» **Problem**
Repeat the data that follows exactly, starting at the line with "Gartenbaumschule Andresen" and ending at the line with "Кулер к ноутбуку", and leave out every picture.

» **Dataset**
········
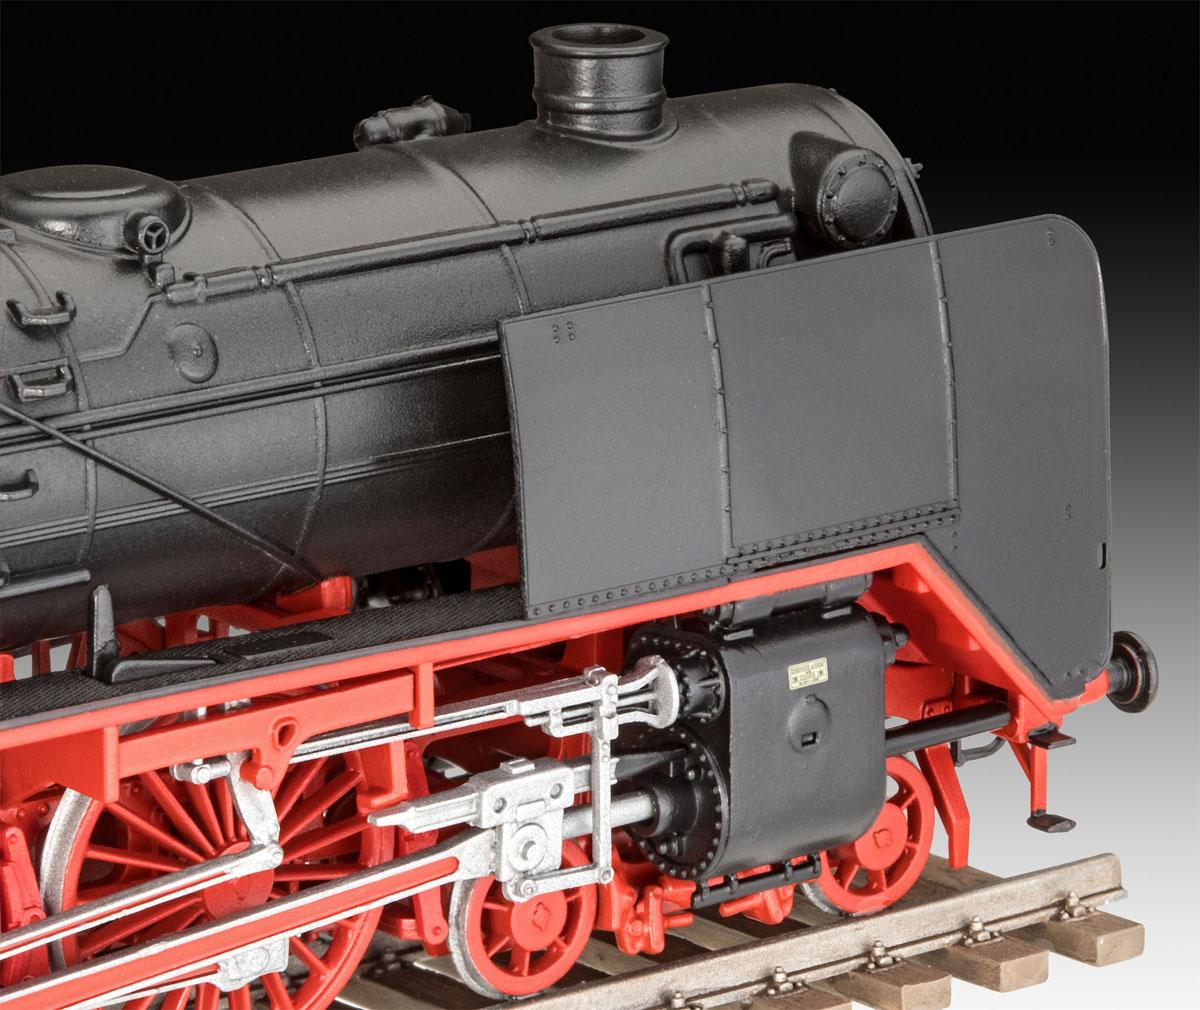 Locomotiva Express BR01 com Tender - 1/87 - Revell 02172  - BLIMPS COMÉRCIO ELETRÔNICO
········
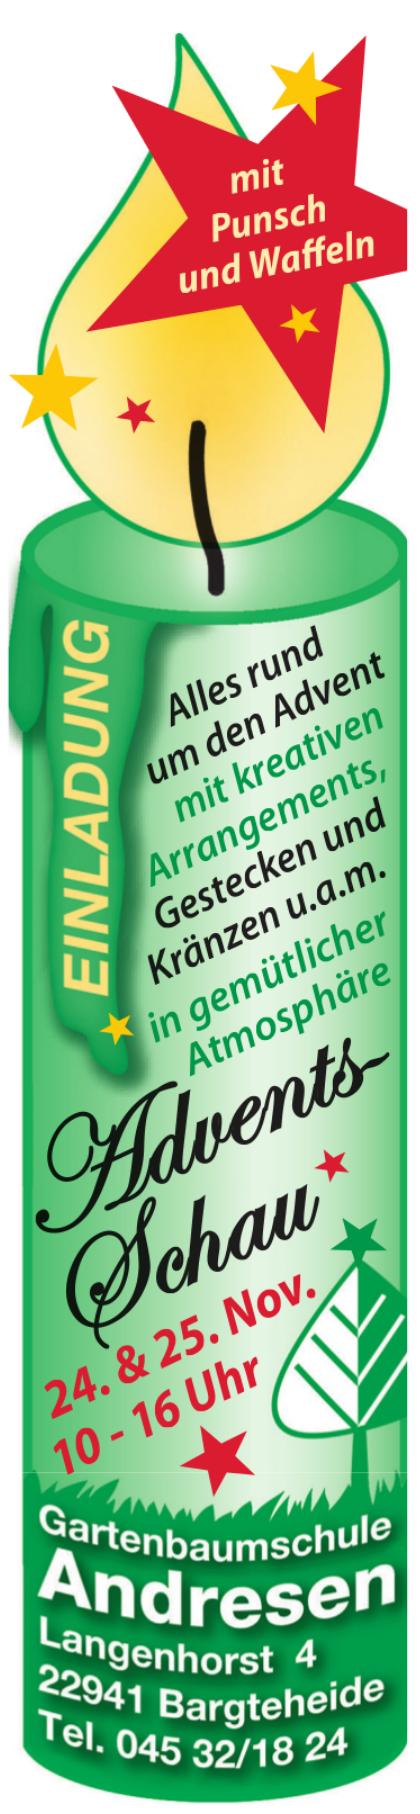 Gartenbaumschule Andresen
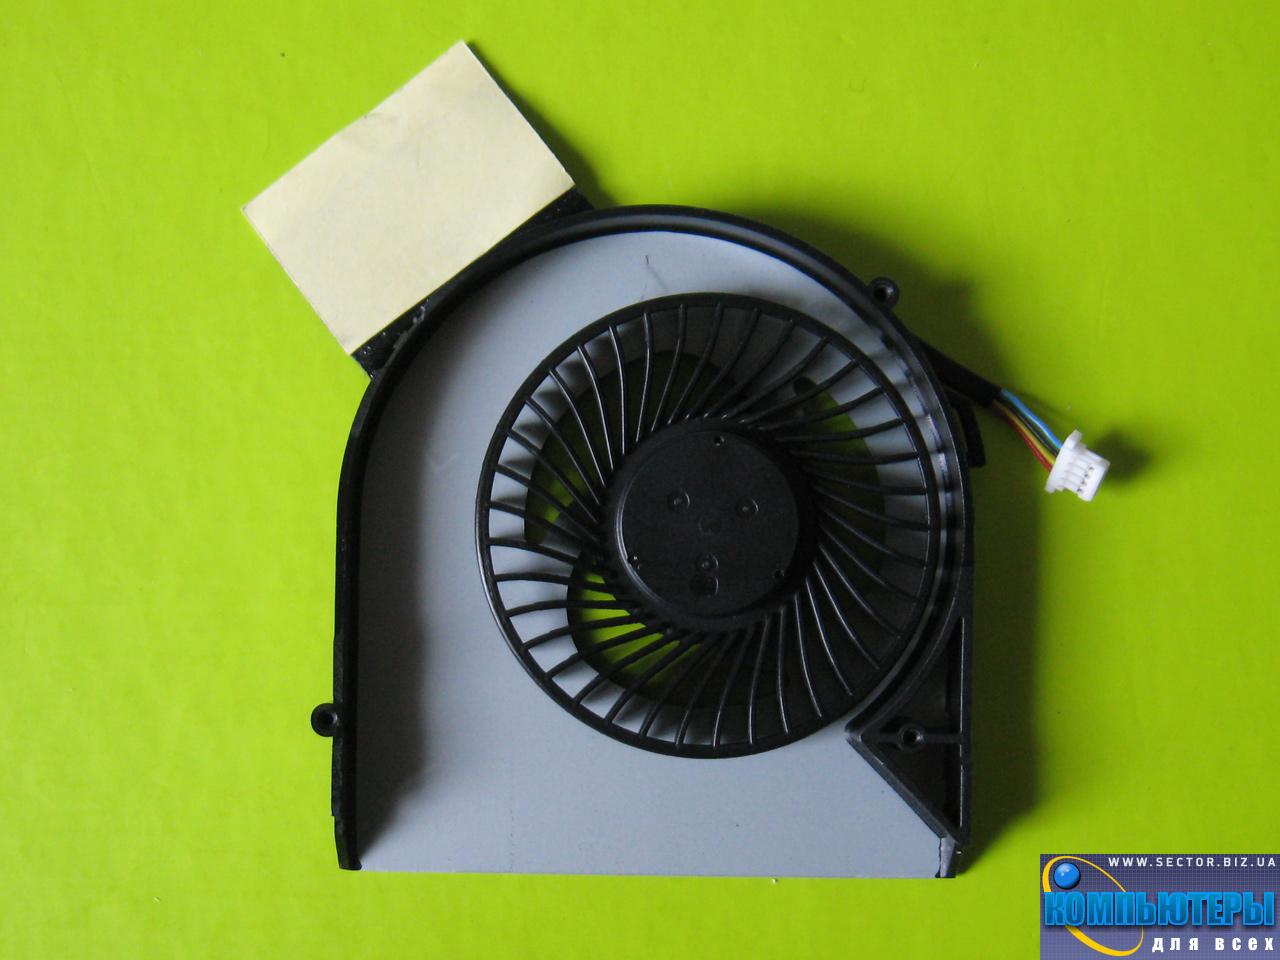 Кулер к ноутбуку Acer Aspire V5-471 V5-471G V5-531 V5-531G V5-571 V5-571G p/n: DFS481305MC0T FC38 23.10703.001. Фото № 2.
········
» **Task response**
 Gartenbaumschule Andresen
 Кулер к ноутбуку Acer Aspire V5-471 V5-471G V5-531 V5-531G V5-571 V5-571G p/n: DFS481305MC0T FC38 23.10703.001. Фото № 2.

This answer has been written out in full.